++++ EXERCISE DATA ++++

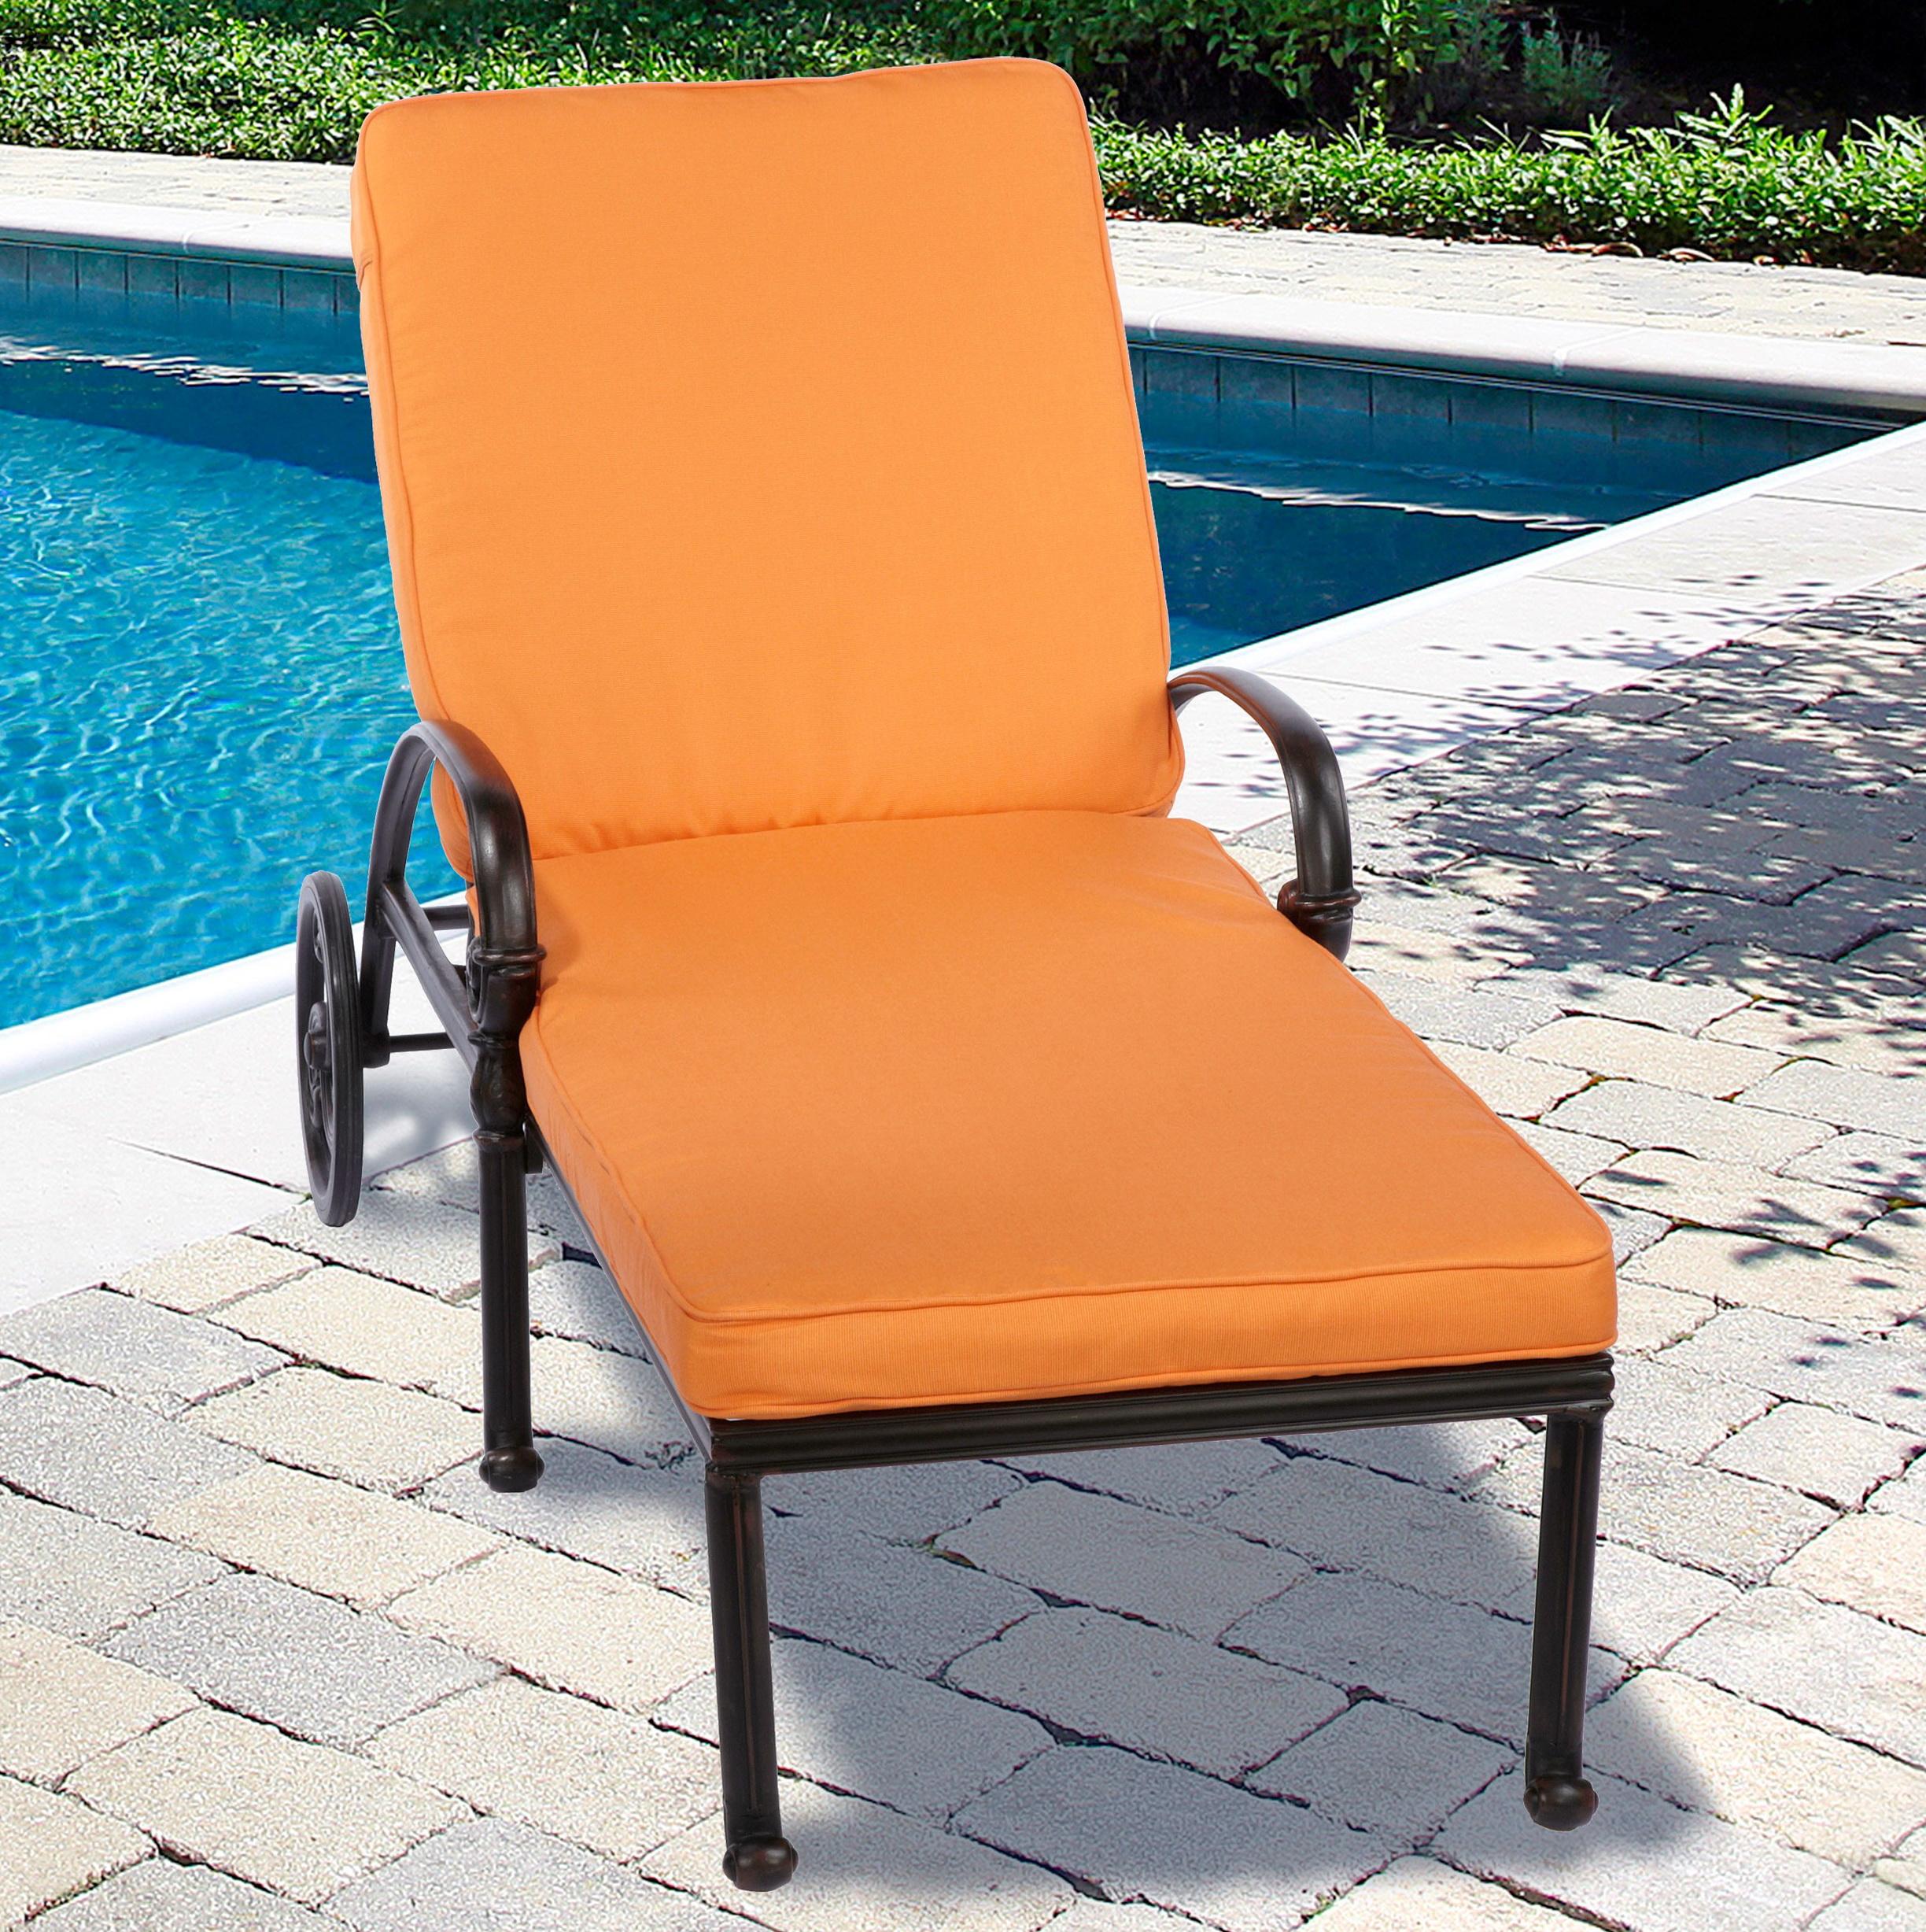 Sunbrella Replacement Cushions For Wicker Furniture Home
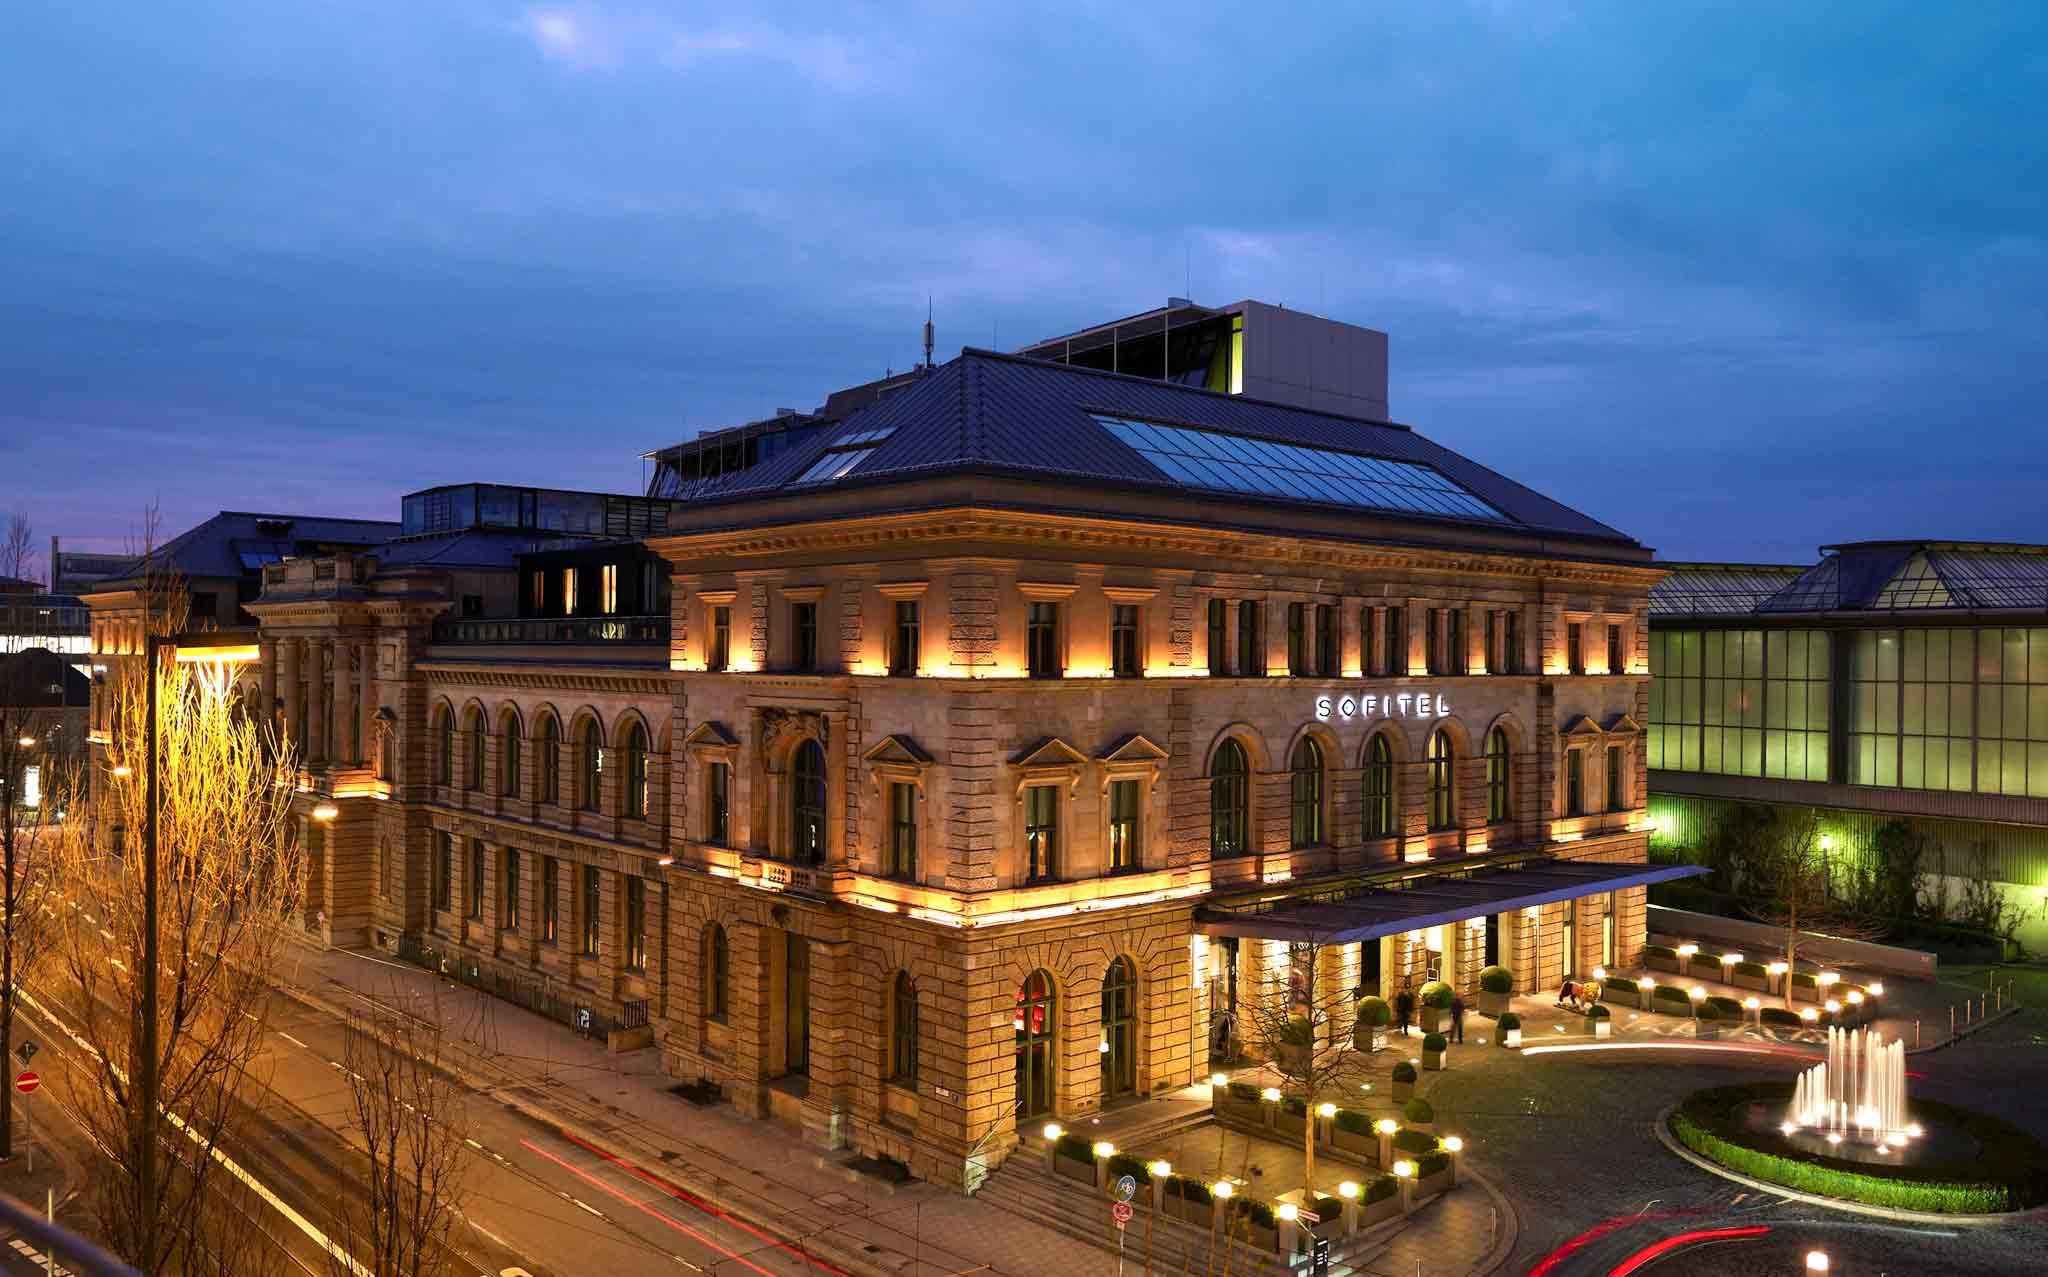 Hotel – Sofitel Munique Bayerpost
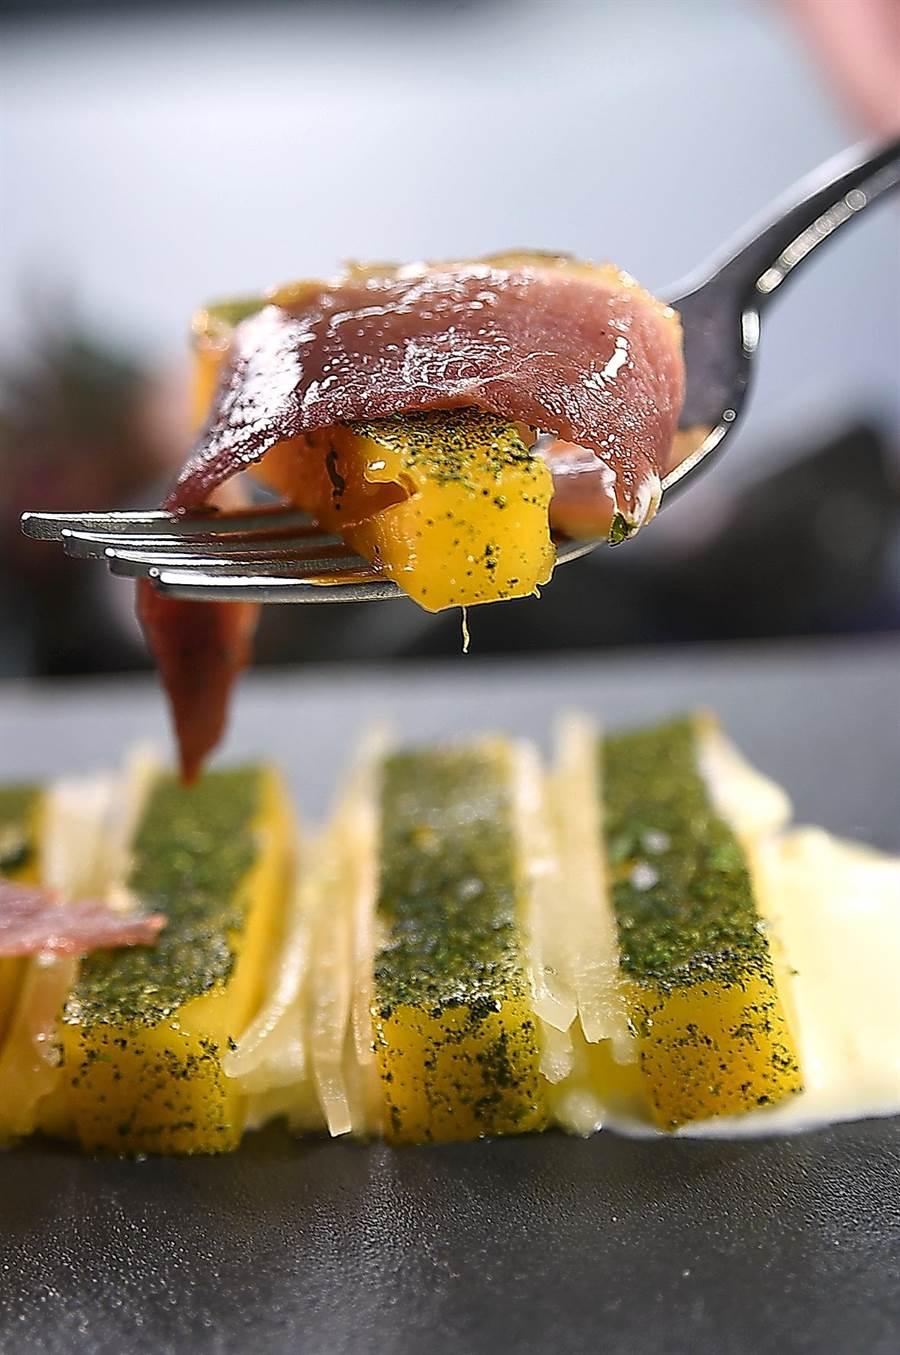 〈RAW〉的夏季新菜〈蔗燻鴨賞/烏香芒果/芝麻葉〉,堪稱「台灣版的Jamo'n de Jabugo」,食客可以Fine Food形式感受宜蘭風土。(圖/姚舜)

++++

**TASK TO COMPLETE:**
Every line above goes into the copy unchanged; the pictures do not.

**PROBLEM SOLUTION:**
 Sunbrella Replacement Cushions For Wicker Furniture Home
 Hotel – Sofitel Munique Bayerpost
 〈RAW〉的夏季新菜〈蔗燻鴨賞/烏香芒果/芝麻葉〉,堪稱「台灣版的Jamo'n de Jabugo」,食客可以Fine Food形式感受宜蘭風土。(圖/姚舜)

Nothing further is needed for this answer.